ALMOST everyone who has met Tun Daim Zainuddin in recent times has been struck by how much he has aged since his heyday as the country’s economic czar.
He is 13 years younger than his longtime friend Tun Dr Mahathir Mohamad but looks older.
But appearances can be deceptive because Daim is once again the dynamo behind Dr Mahathir, assisting the Prime Minister to lay out the groundwork of a new vision for Malaysia.
Despite some rumblings among MPs from both sides of the divide over the Council of Eminent Persons, Daim enjoys the confidence of Dr Mahathir and the CEP is set to continue its work.
Some of those who have been invited to give feedback to the CEP over the past few months suggest that its work could lead to a policy to replace the NEP or New Economic Policy, an affirmative policy that has unfortunately been divisive to national unity.
Or as KRA strategy director Amir Fareed Rahim sees it: the CEP will be there to assist the government in building a new economic vision for Malaysia and in mapping out institutional reforms.
“The credentials of the council members helped in calming the market during the transition.
“But moving forward, the members of the council should be appointed structurally within the PM’s office, with a clearer scope and mandate on its advisory role,” said Amir.
A more clear-cut outline of its role, purpose and mandate will help quell the disquiet out there that Daim is, once again, too powerful.
A lot of that has to do with his purported role in the dismissal and appointments of top civil servants and GLC heads, which led to whispers in political circles that he is Dr Mahathir’s kitchen Cabinet.
For instance, the appearance of the then Chief Justice to meet the CEP at Daim’s Menara Ilham office earlier on created a stir.
Summoning corporate leaders and GLC heads was one thing, but for a judge to go there, it was bad optics.
The perception was that the council had overstepped its advisory role.
Daim has also become an issue in the PKR election, accused by some party leaders of being part of a conspiracy to stop Datuk Seri Anwar Ibrahim from becoming Prime Minister.
The PKR rank-and-file have always been suspicious about the two Tuns whom they blame for Anwar’s ouster in 1998, and they are not comfortable with what they see as the growing influence of Daim.
Daim has laughed off the allegation, saying Pakatan Harapan had long decided that Anwar would be Prime Minister, the implication being that the handover is a done deal.
Daim, who is often seen as some sort of “first among equals”, comes with a lot of baggage.
But he knows how a government works and, most of all, he knows how to work with Dr Mahathir.
He was the architect of the economy during Dr Mahathir’s first round as Prime Minister and a financial publication had labelled him an “economic wizard”.

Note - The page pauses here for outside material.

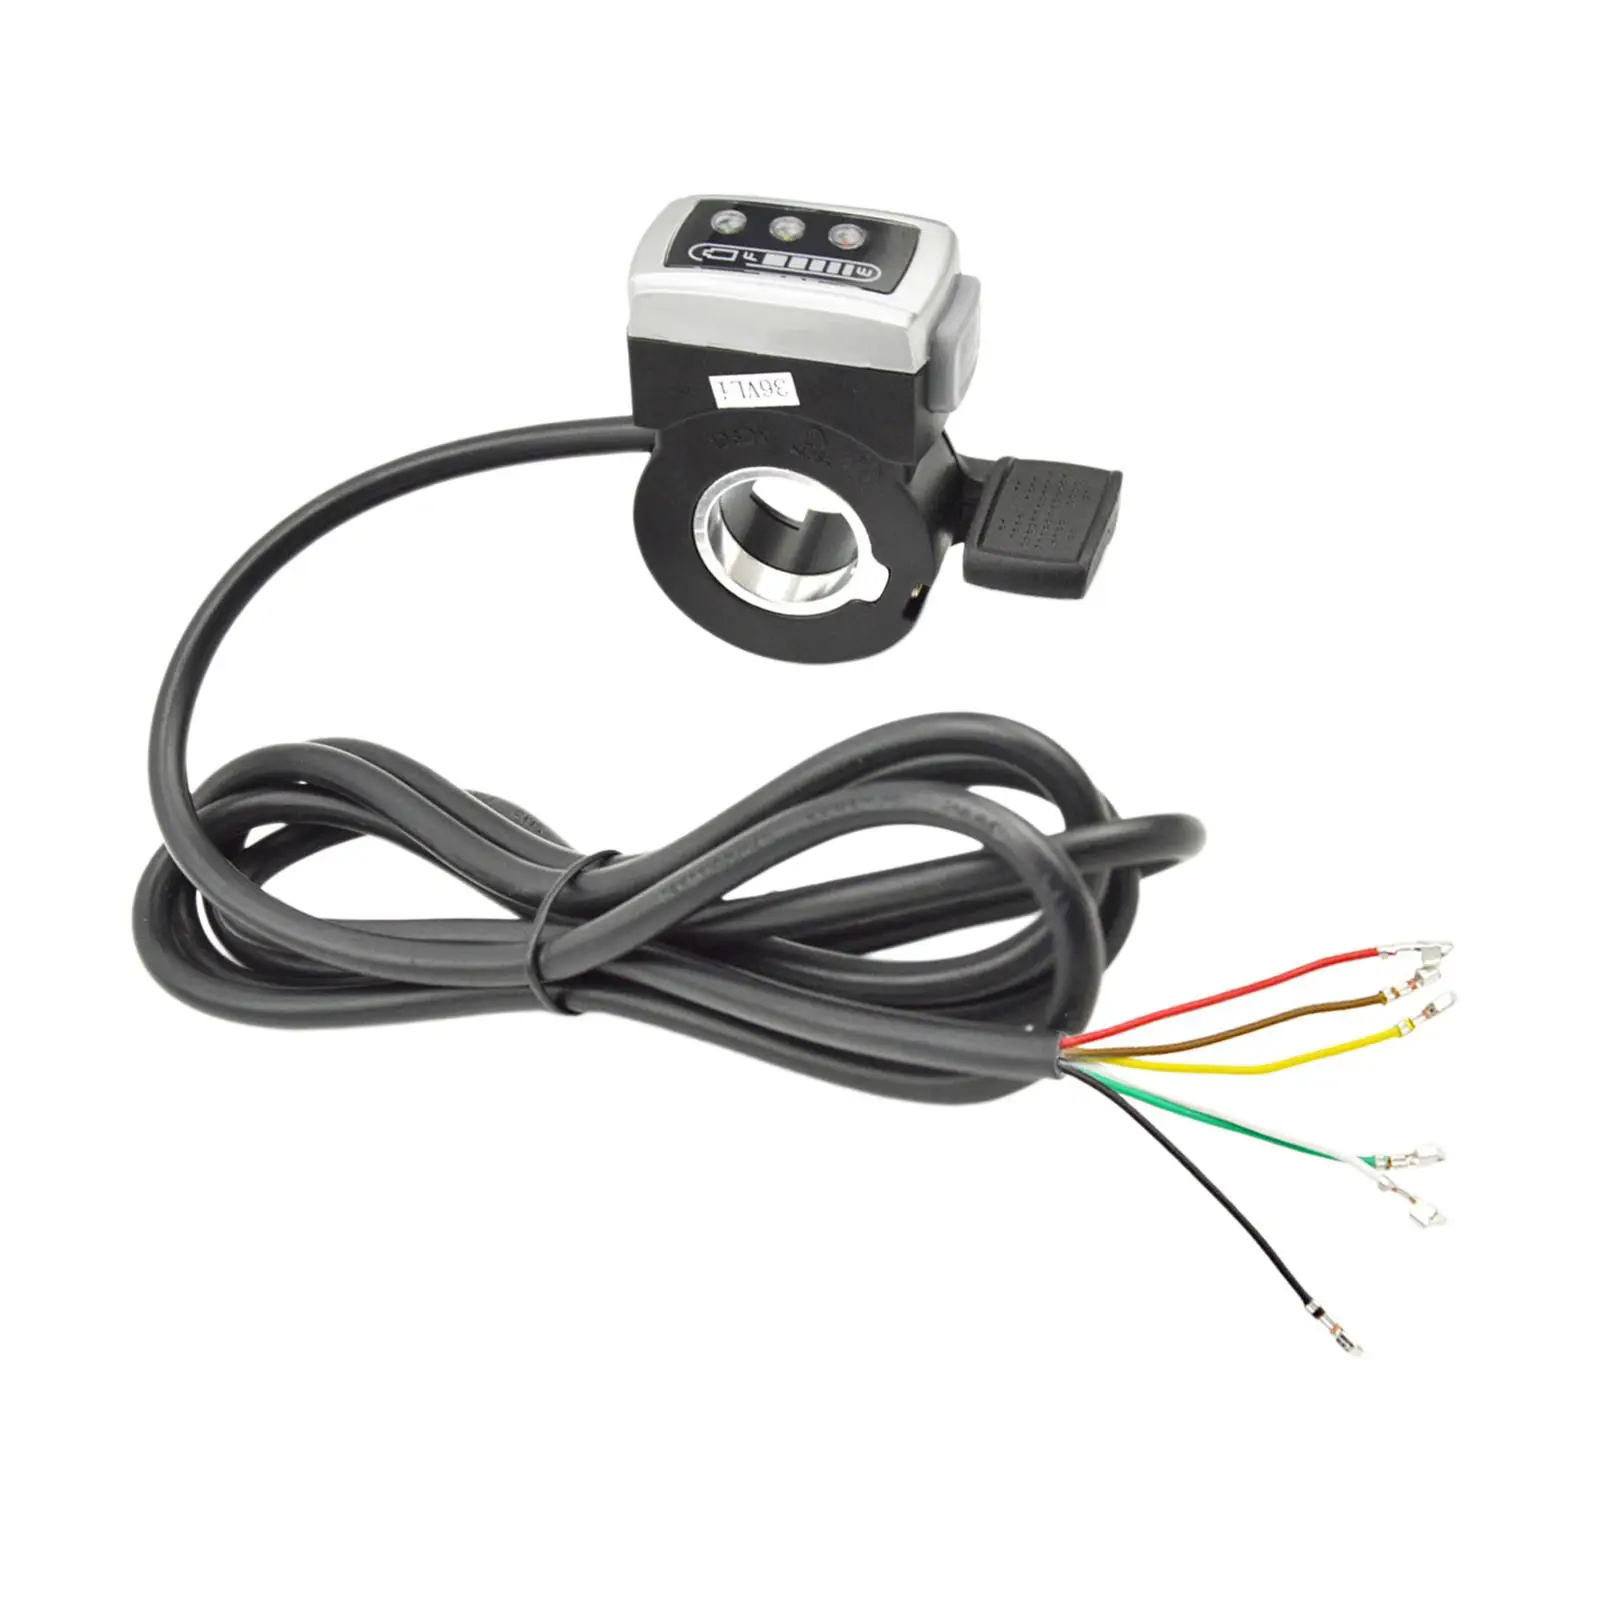 48V Thumb Throttle Speed Control with Power Indicator Part Cycling Kit Accessories with Cable for 22mm Handle Electric Scooters

No one can deny that he is someone who gets things done – then and now.
PKR politician Lee Chin Cheh pointed out the milestones achieved so far – nine institutional bodies now have to report to Parliament instead of the Prime Minister.
“That is really important because it will lay the foundation for good governance in the years to come,” said Lee.
In hindsight, said lawyer Khaw Veon Szu, the CEP provided the stabilising factor during that critical period after May 9.
“Things were so uncertain. Corporate Malaysia, even the civil service, were at a loss because it had betted so heavily on Barisan Nasional winning.
“Added to that, there were many inexperienced and unfamiliar faces in the new government and you can understand why the council stood out as a reassuring pair of hands,” said Khaw.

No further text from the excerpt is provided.